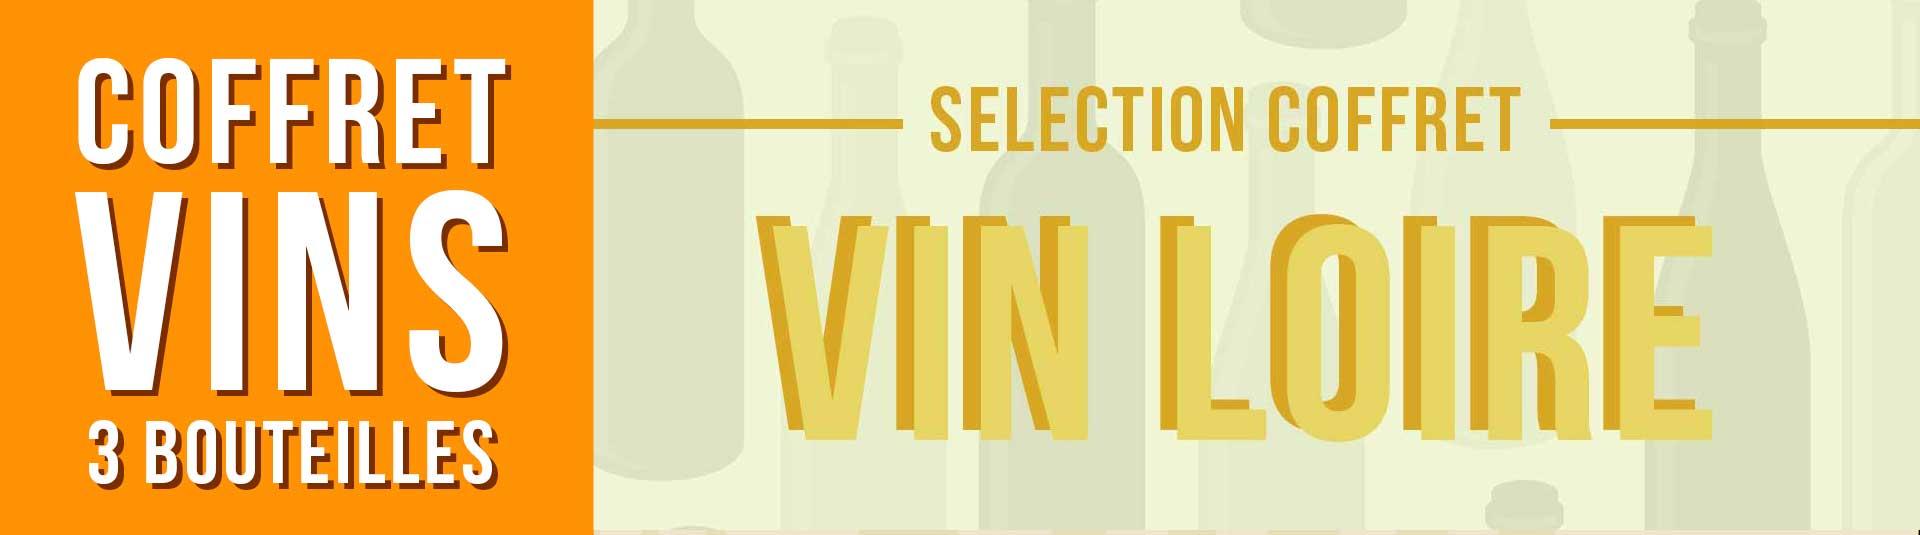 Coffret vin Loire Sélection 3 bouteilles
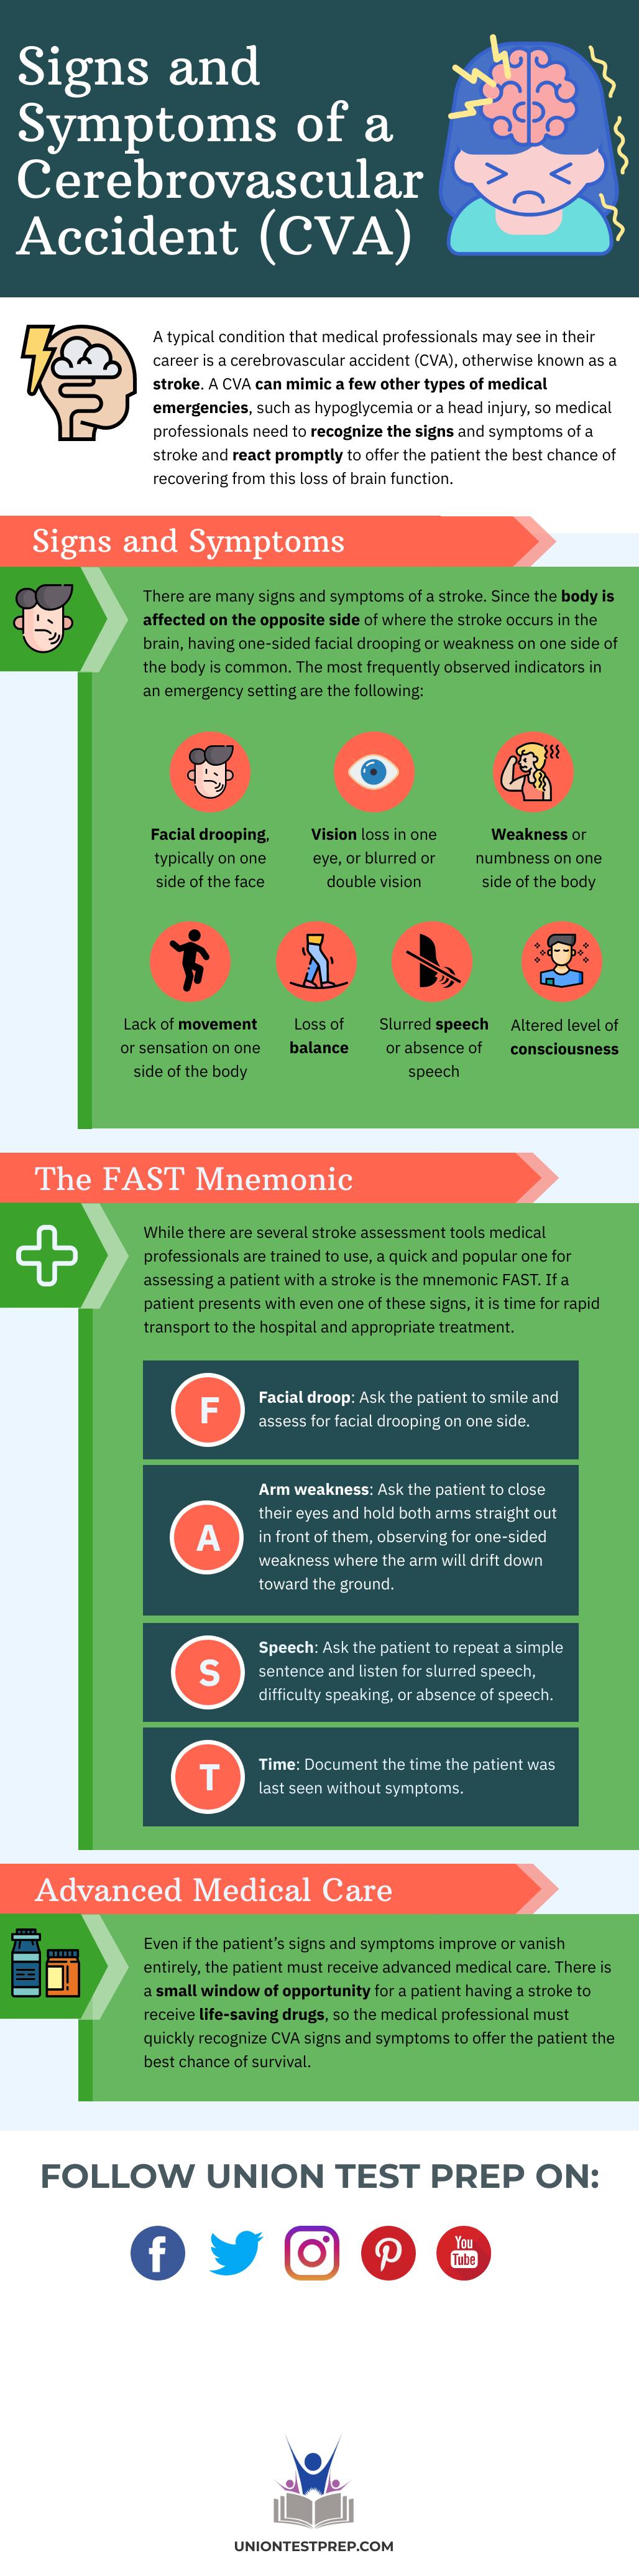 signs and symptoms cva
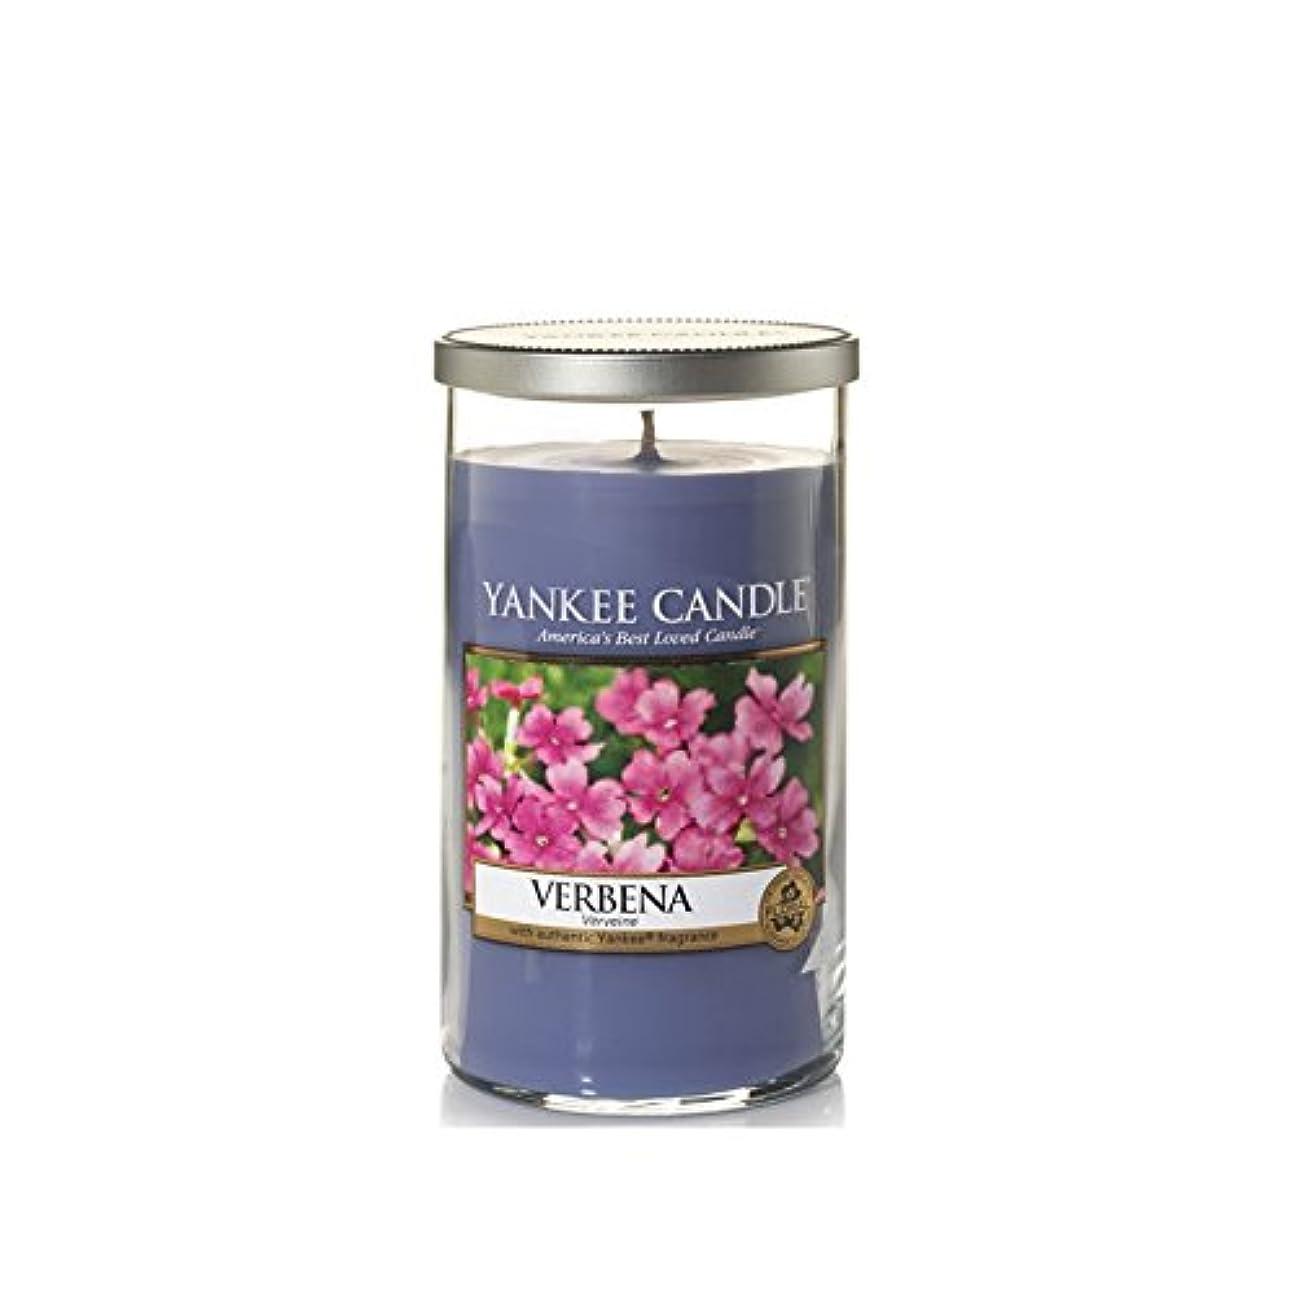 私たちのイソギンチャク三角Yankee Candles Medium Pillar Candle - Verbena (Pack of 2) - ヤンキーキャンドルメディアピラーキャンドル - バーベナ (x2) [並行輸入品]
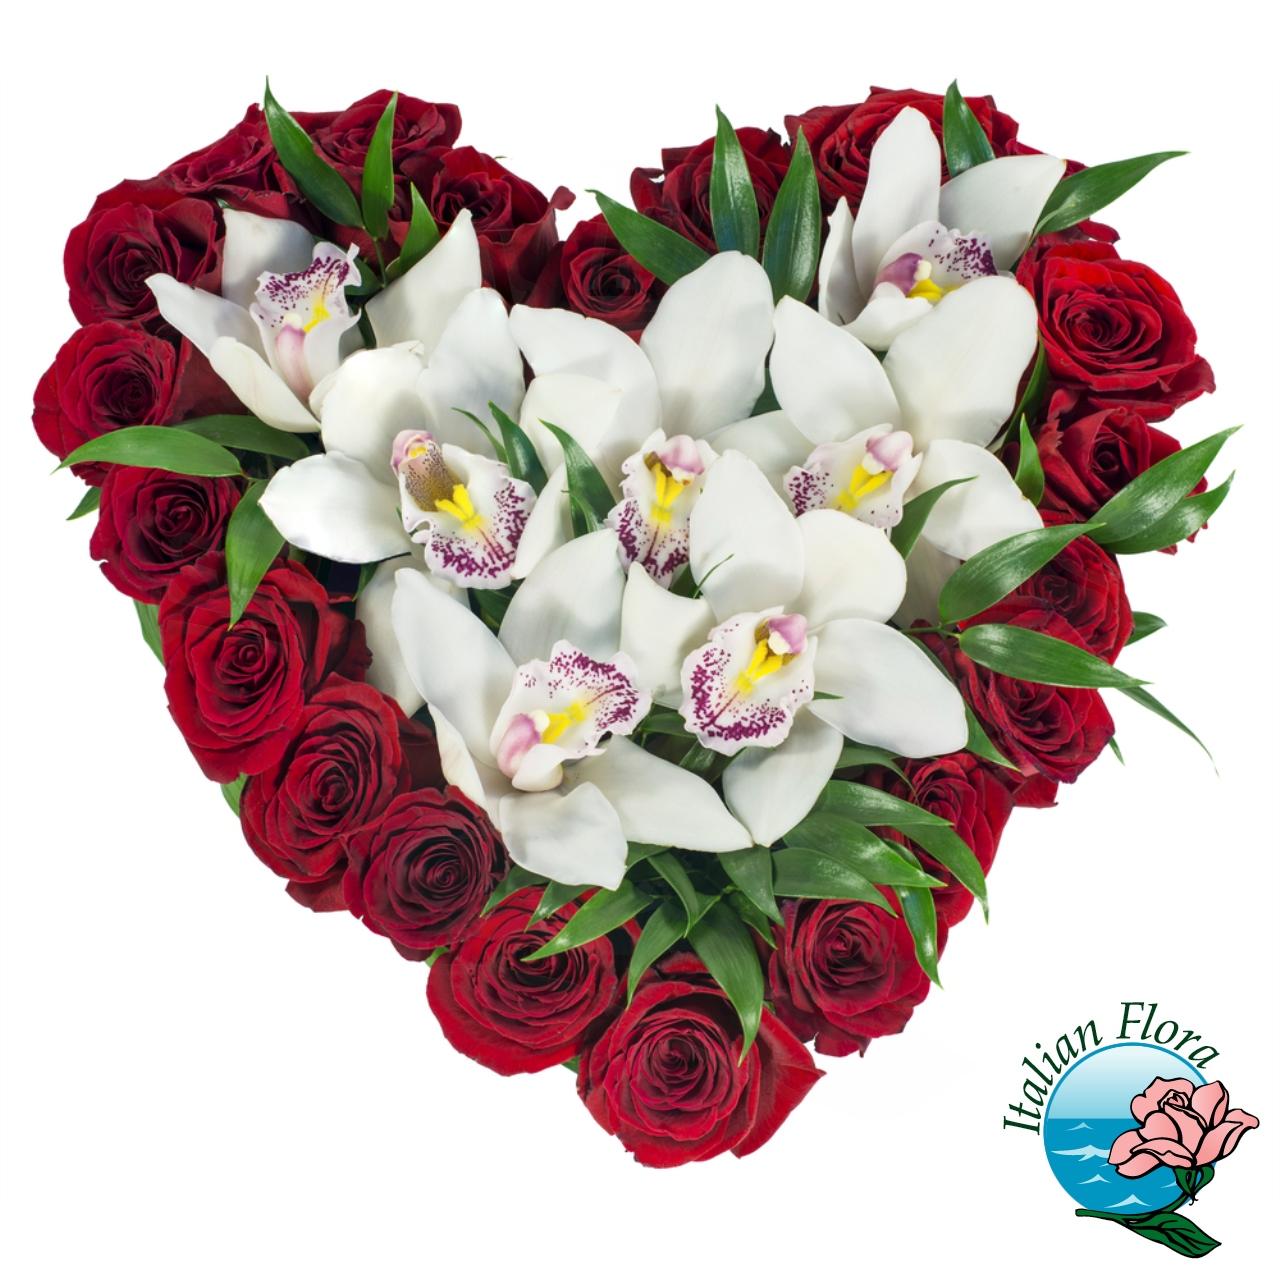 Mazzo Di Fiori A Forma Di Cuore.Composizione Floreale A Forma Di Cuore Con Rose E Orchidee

What you should do>
Copy out every line above, word for word, minus images.

Answer>
 Coffret vin Loire Sélection 3 bouteilles
 signs and symptoms cva
 私たちのイソギンチャク三角Yankee Candles Medium Pillar Candle - Verbena (Pack of 2) - ヤンキーキャンドルメディアピラーキャンドル - バーベナ (x2) [並行輸入品]
 Mazzo Di Fiori A Forma Di Cuore.Composizione Floreale A Forma Di Cuore Con Rose E Orchidee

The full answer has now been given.